Directions
Every record that follows should be written out word for word; the pictures stay out.

---------- Listed records ----------

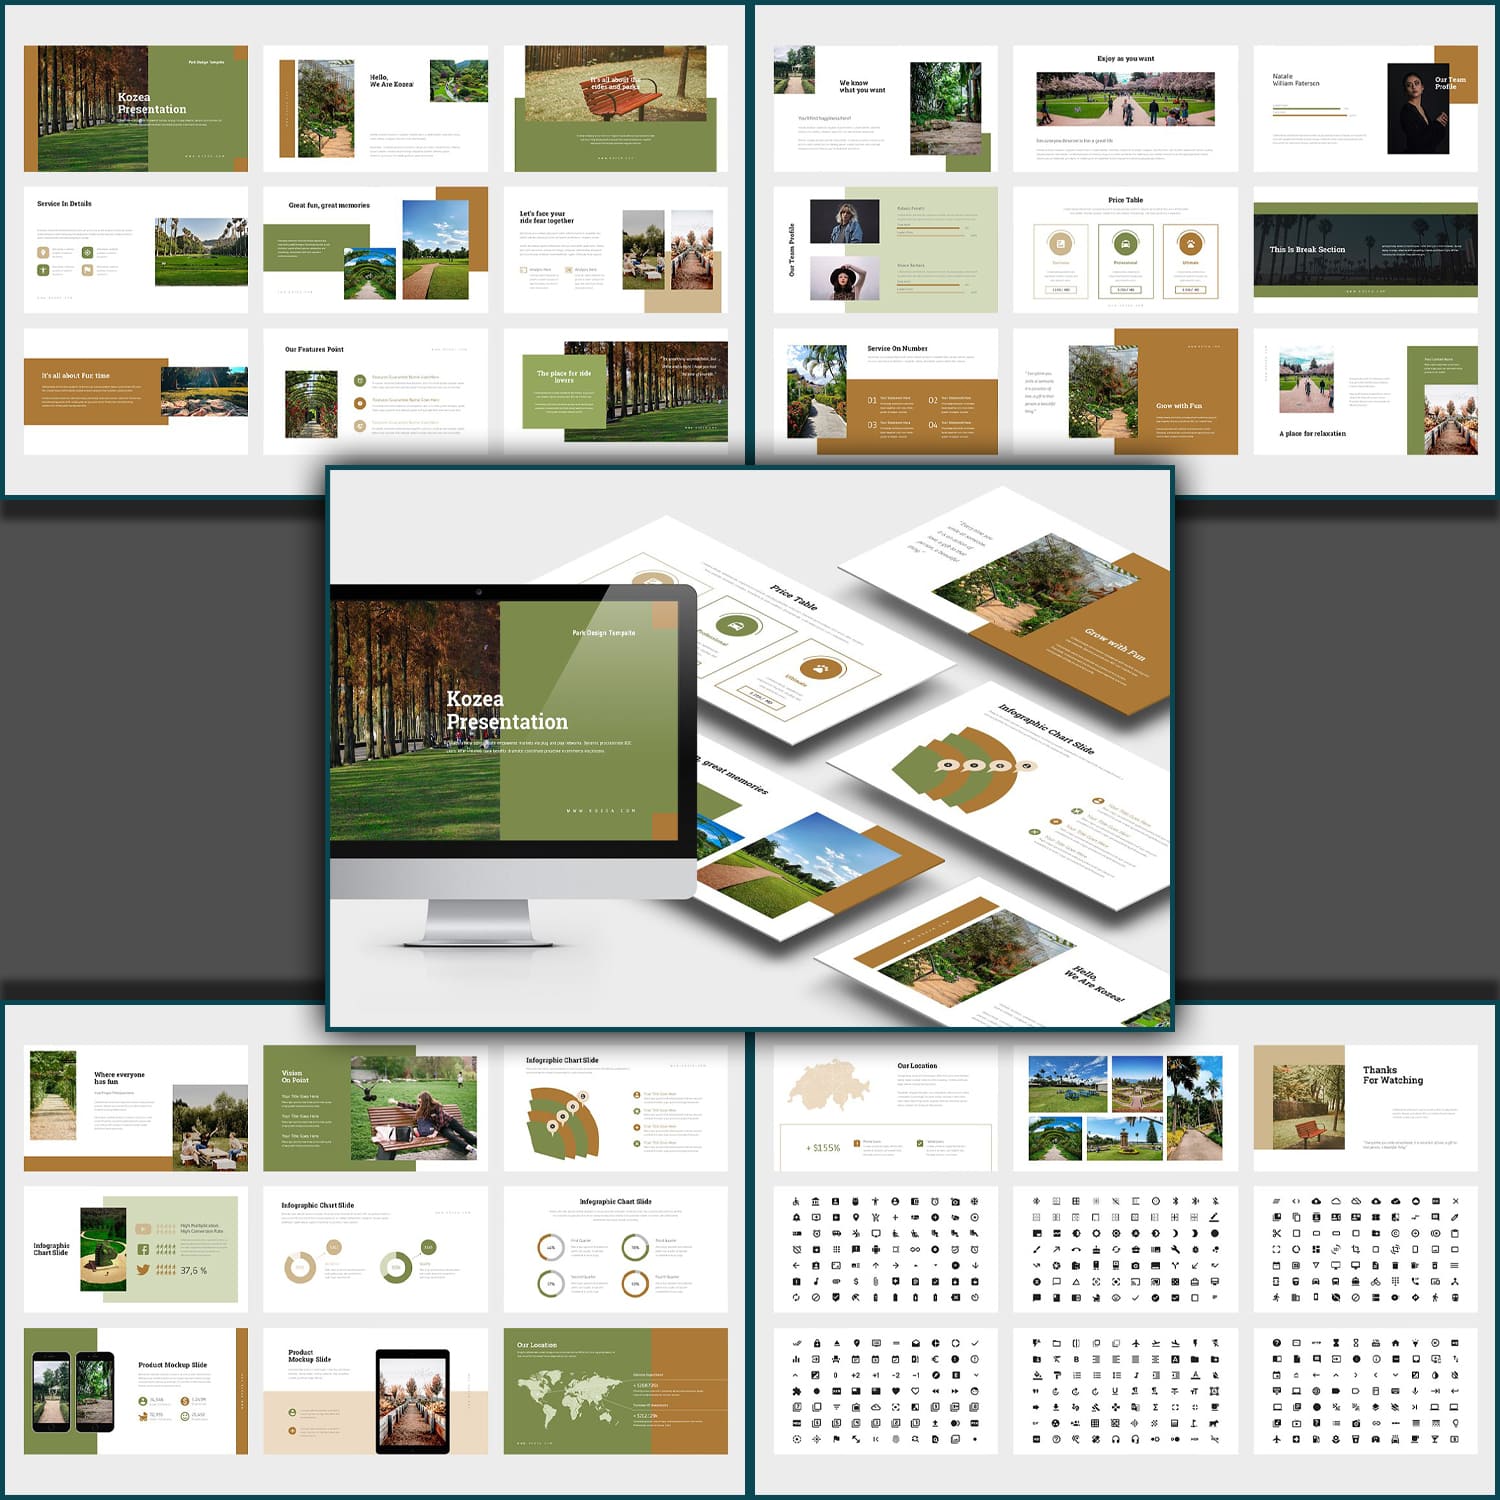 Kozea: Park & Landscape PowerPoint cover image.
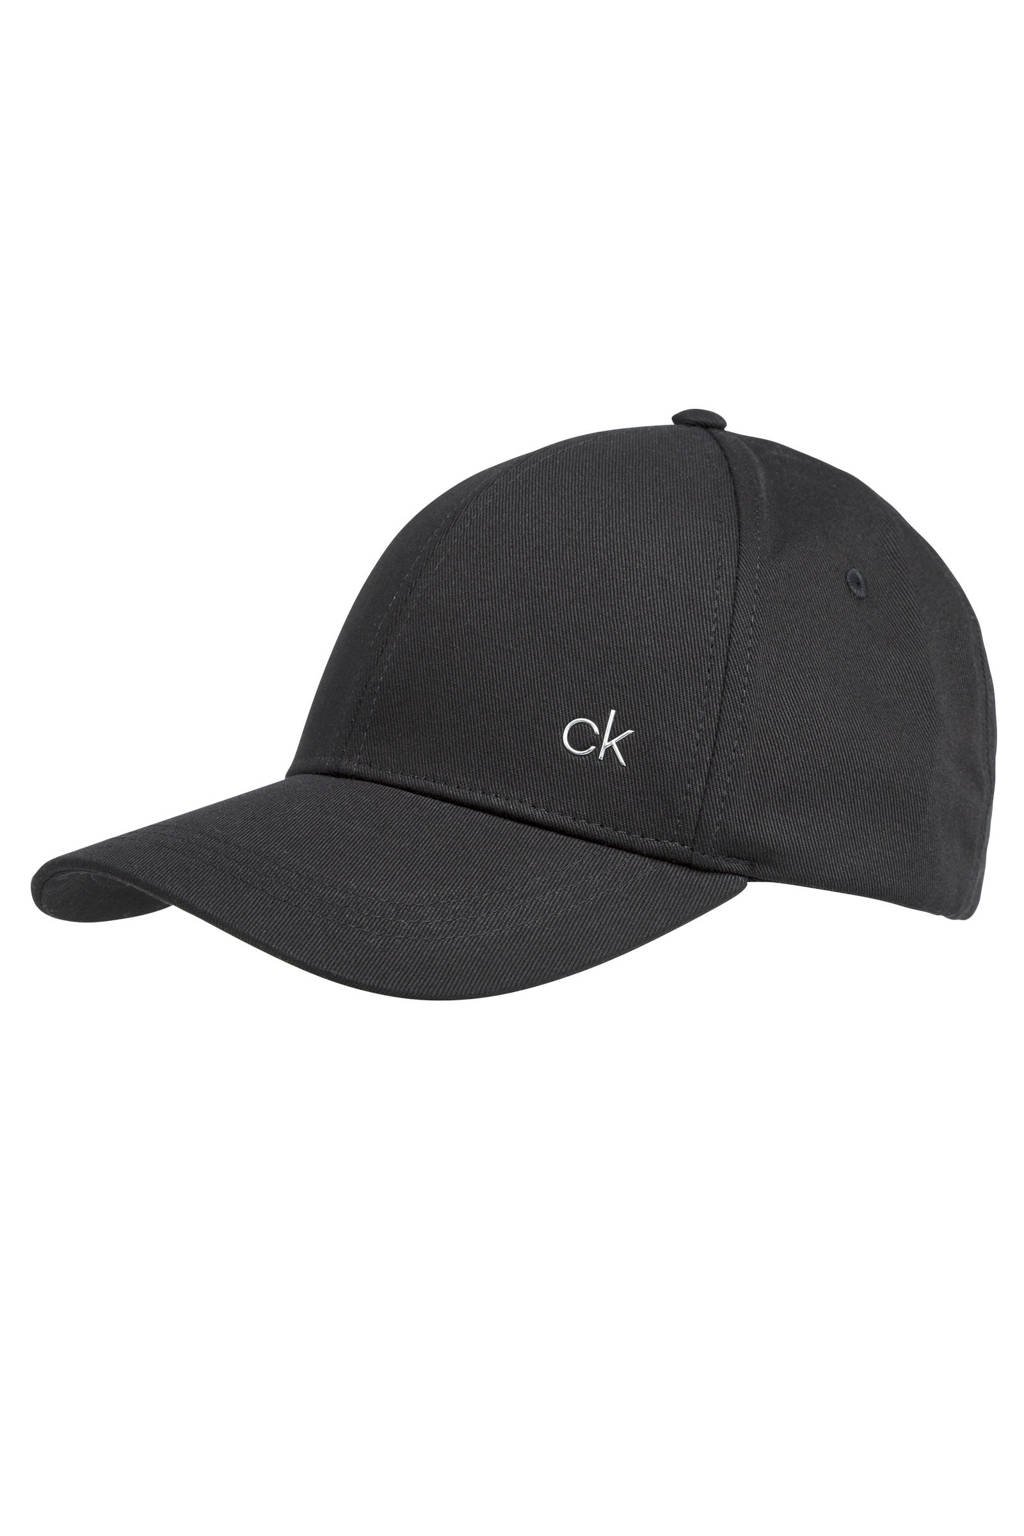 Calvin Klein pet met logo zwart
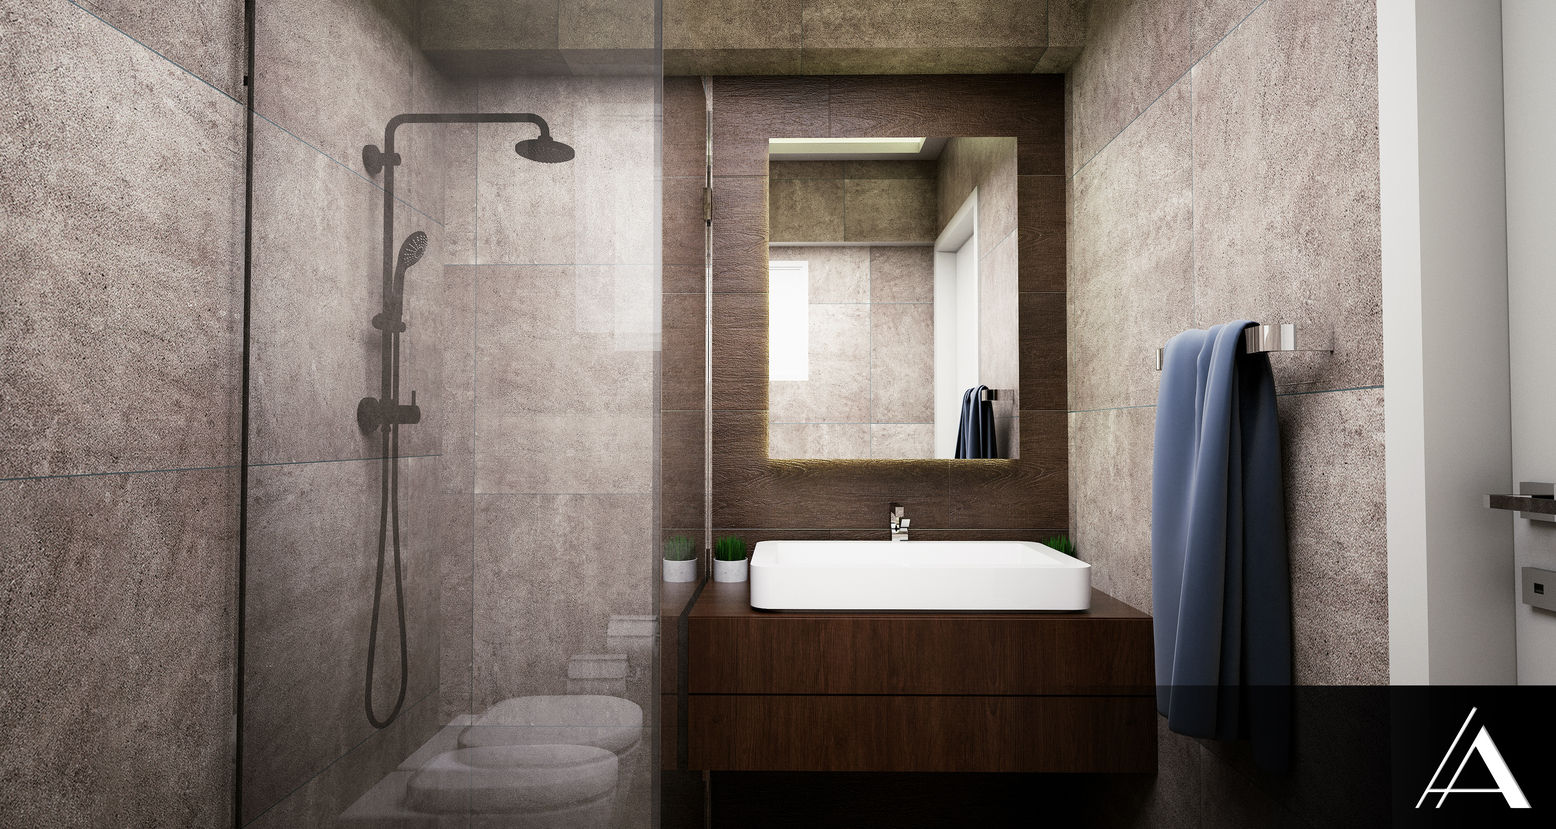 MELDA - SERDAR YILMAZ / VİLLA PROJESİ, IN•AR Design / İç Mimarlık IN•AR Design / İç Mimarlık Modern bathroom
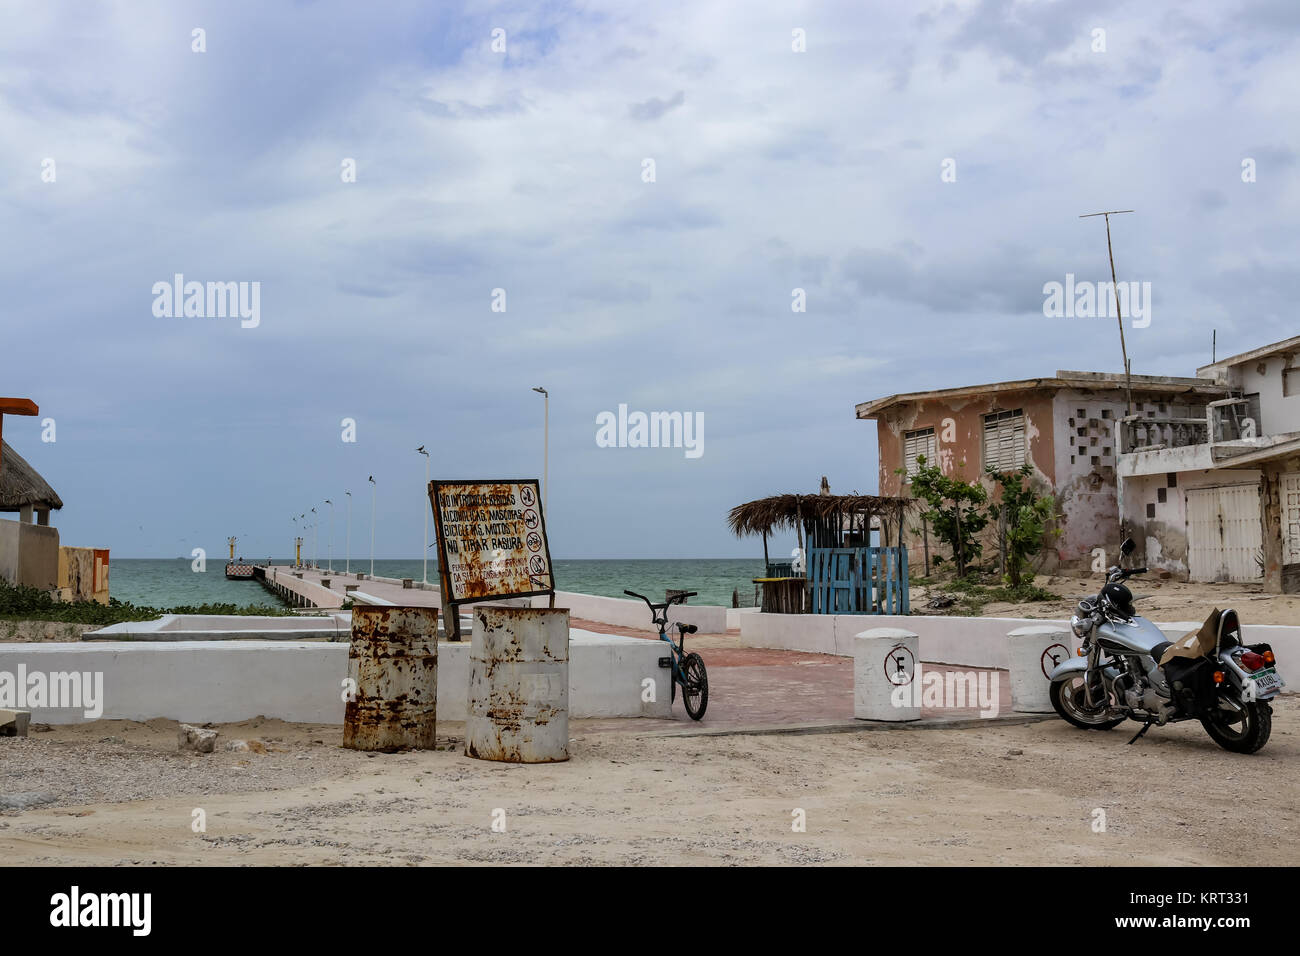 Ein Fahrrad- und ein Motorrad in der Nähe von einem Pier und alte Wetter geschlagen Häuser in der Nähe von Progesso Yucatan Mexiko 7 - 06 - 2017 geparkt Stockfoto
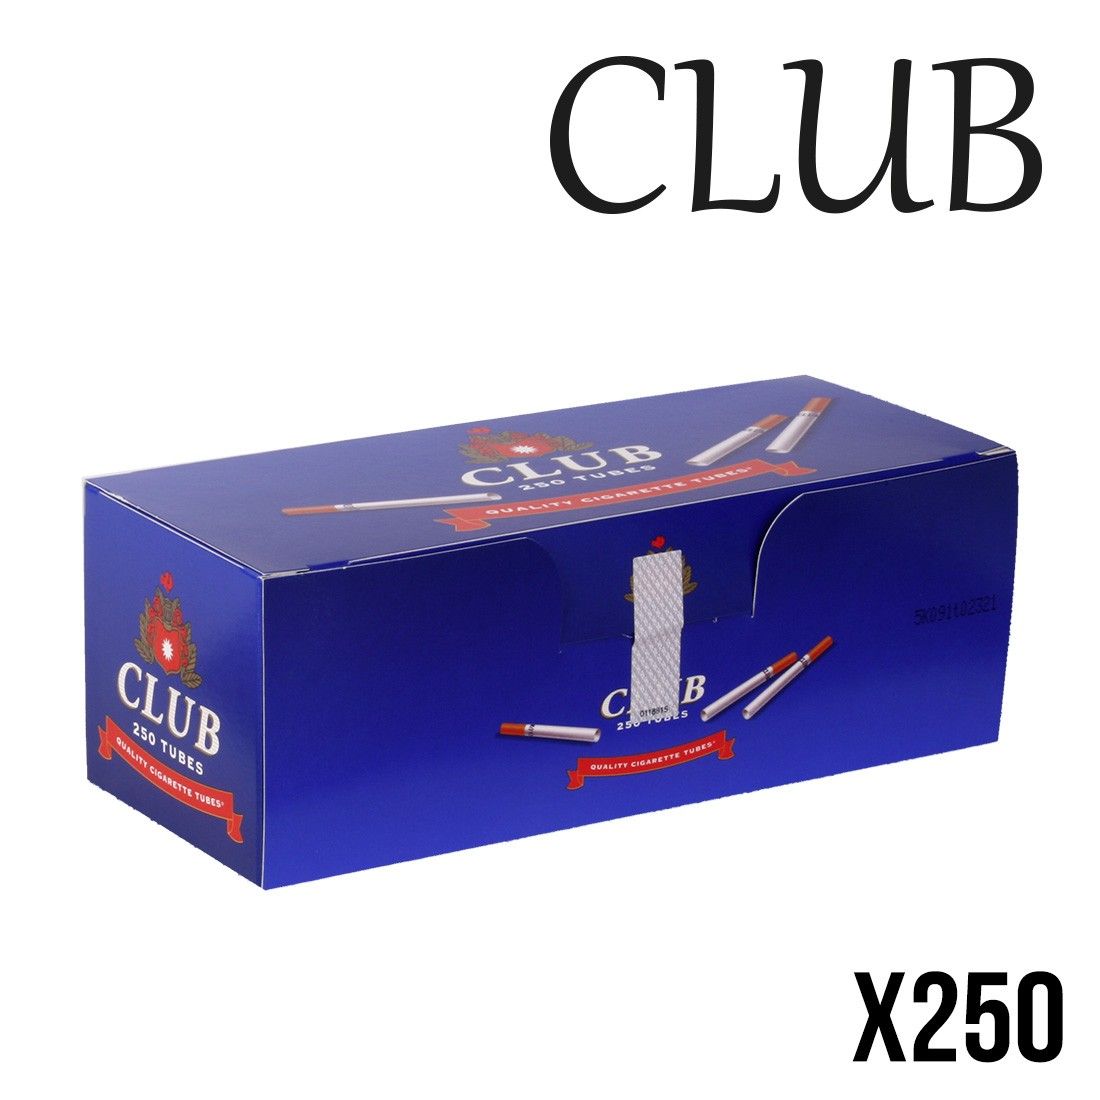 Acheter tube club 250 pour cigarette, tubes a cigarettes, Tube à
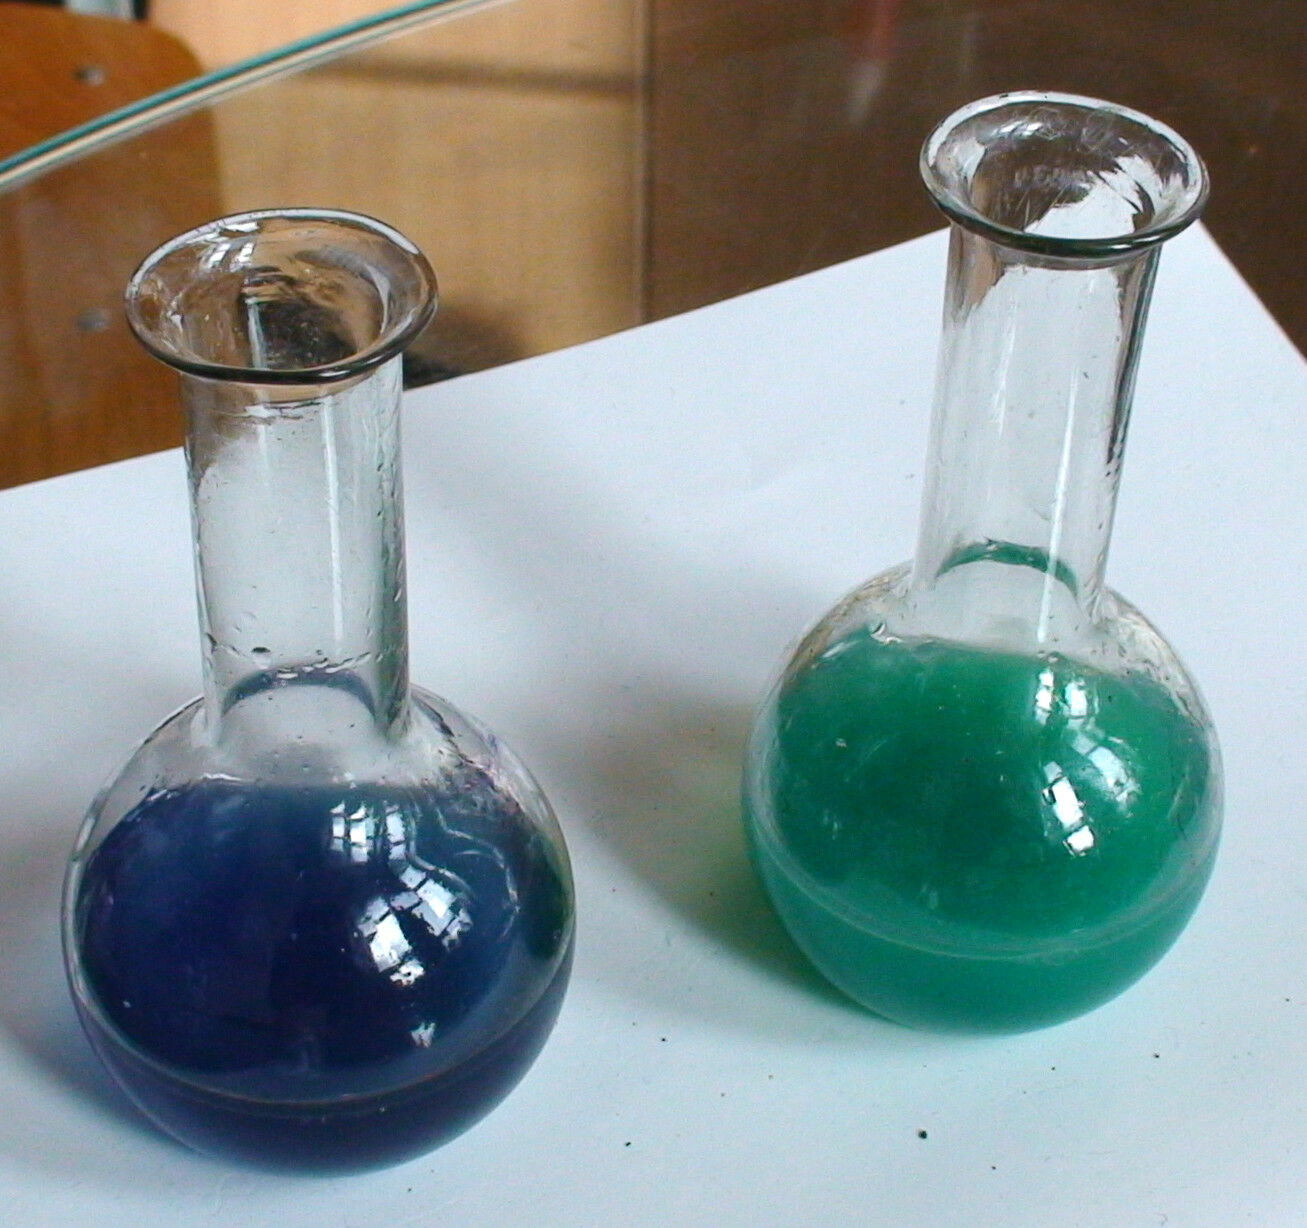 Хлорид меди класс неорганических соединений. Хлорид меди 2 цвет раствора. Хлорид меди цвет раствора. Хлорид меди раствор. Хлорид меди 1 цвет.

----------

Response
 Kozea: Park & Landscape PowerPoint cover image.
 Calvin Klein pet met logo zwart
 MELDA - SERDAR YILMAZ / VİLLA PROJESİ, IN•AR Design / İç Mimarlık IN•AR Design / İç Mimarlık Modern bathroom
 Ein Fahrrad- und ein Motorrad in der Nähe von einem Pier und alte Wetter geschlagen Häuser in der Nähe von Progesso Yucatan Mexiko 7 - 06 - 2017 geparkt Stockfoto
 Acheter tube club 250 pour cigarette, tubes a cigarettes, Tube à
 Хлорид меди класс неорганических соединений. Хлорид меди 2 цвет раствора. Хлорид меди цвет раствора. Хлорид меди раствор. Хлорид меди 1 цвет.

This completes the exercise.